Wouldn't it be marvelous if we could harvest the world's ever-expanding landfills for energy? At the moment, there are plenty of plants that incinerate garbage and produce steam to power turbines, but that's a relatively inefficient process. Now, though, Phil McKenna reports in New Scientist that a slew of companies are experimenting with gasification as a better way of turning garbage into energy:

Gasification, and its cousin plasma gasification, involve heating waste to a high temperature inside a sealed chamber. This is done in the near absence of oxygen, so organic components in the waste do not burn but instead reform into syngas, a mixture of carbon monoxide and hydrogen. This can be filtered and chemically "scrubbed" to remove toxic particles and gases, and then burned to produce energy or converted into other fuels such as methane, ethanol or synthetic diesel. All that's left to dispose of at the end is ash, dirty filters and chemicals from the scrubbing process, which can be treated and sent to landfill or into the sewers.

Gasification yields more energy per volume of trash than incineration, but the possibilities don't end there. Adding an arc of superheated plasma to the mix can increase that yield further. Plasma gasification vaporises waste at much higher temperatures—up to 10,000 C compared with up to 1600 C for normal gasification—which ensures that more of the organic waste is gasified.

Clever idea, but fairly unproven.

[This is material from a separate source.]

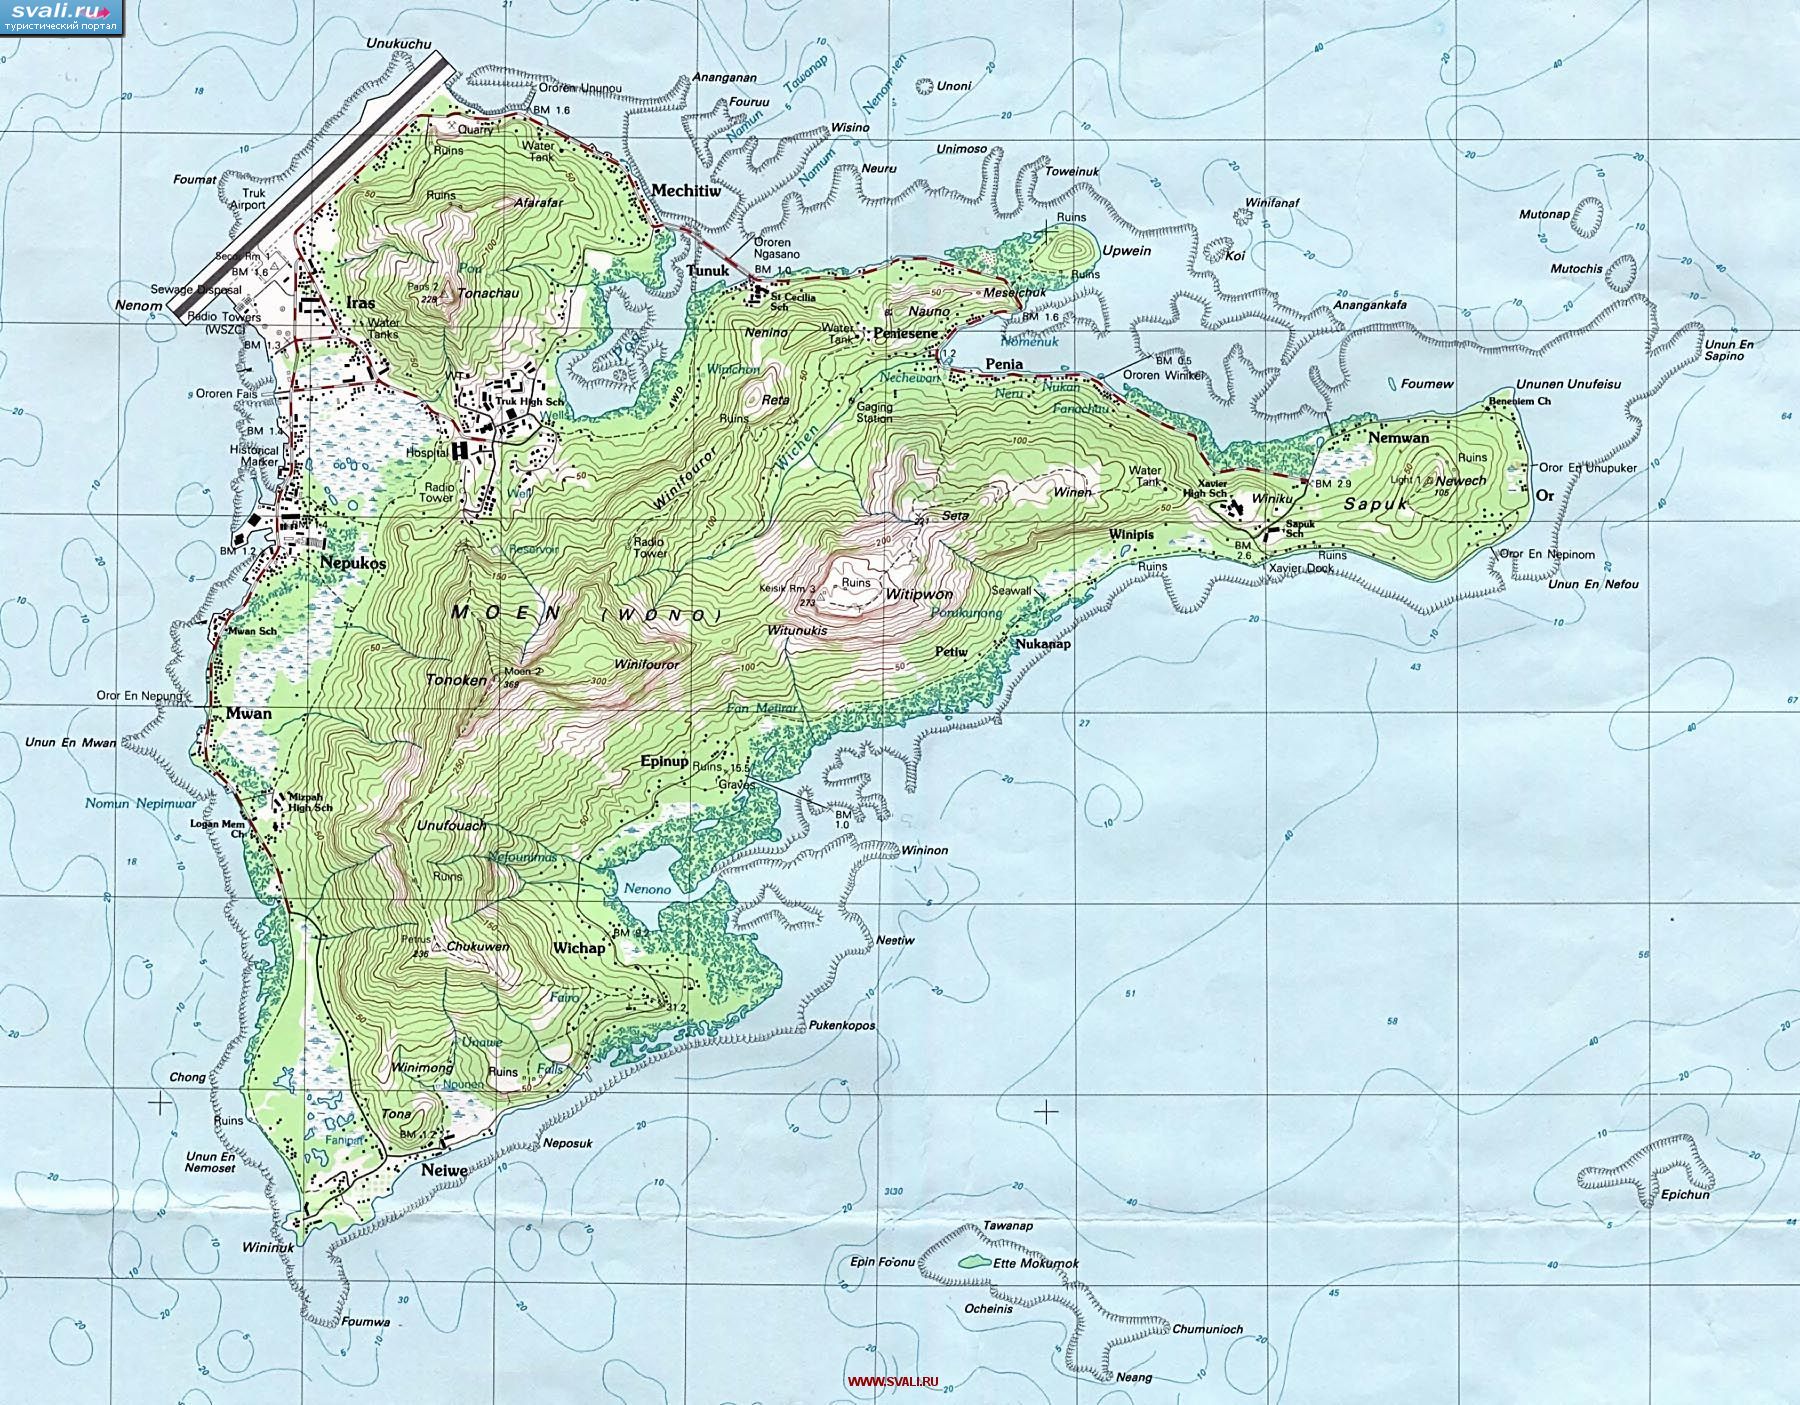 Топографическая карта острова Вено (Моен, Moen), лагуна Трук, штат Чуук, Федеративные Штаты Микронезии (англ.)

The Chiba Recycling Center in Japan has been gasifying industrial waste since 2000, but hasn't—as best I can tell—demonstrated that this is a particularly efficient way of producing power. (Japan mostly values the plant because the country has basically run out of space to store its garbage.) McKenna reports that some companies are boasting that they can competitively produce fuel when gas is at just $2 per gallon (and use only one-third the amount of power they produce—far more efficient than incinerators), but we'll have to wait and see.

If it did work, would anyone cause a fuss? Trash, energy, what's not to love? Actually, plenty. Early attempts to gasify garbage didn't fare so well—in Karlsruhe, Germany, a $500 million pilot plant had to be closed in 2004 after, among other problems, it started leaking toxic gases and spilling contaminated wastewater. Current companies involved in the waste-to-energy racket argue that as long as the gas is scrubbed and the ash properly disposed of, health and environmental hazards can be kept to a minimum. (One company in Ottawa claims it removes all the chlorine from the waste before combustion, to prevent dioxins from forming.) Still, not everyone's convinced, and there have been very few long-term independent studies to figure out how safe the process is, so the political battles around these plants tend to get slimy.

That aside, there's also the question of whether this is a good way of reducing carbon-dioxide emissions—one of the supposed upsides of gasifying waste. McKenna notes that one Boston think tank calculated that gasification produces about six times as much energy as landfill sites where methane is recaptured, but the latter is more effective at reducing emissions. And both are utter pikers next to recycling, which saves 3.4 times the energy produced by gasification. That's one issue that bobs up—opponents argue that garbage-to-energy plants create disincentives to recycle or reduce waste in the first place. Still, it seems like there there should be a way to thread this (recycle what you can; gasify what's left), no?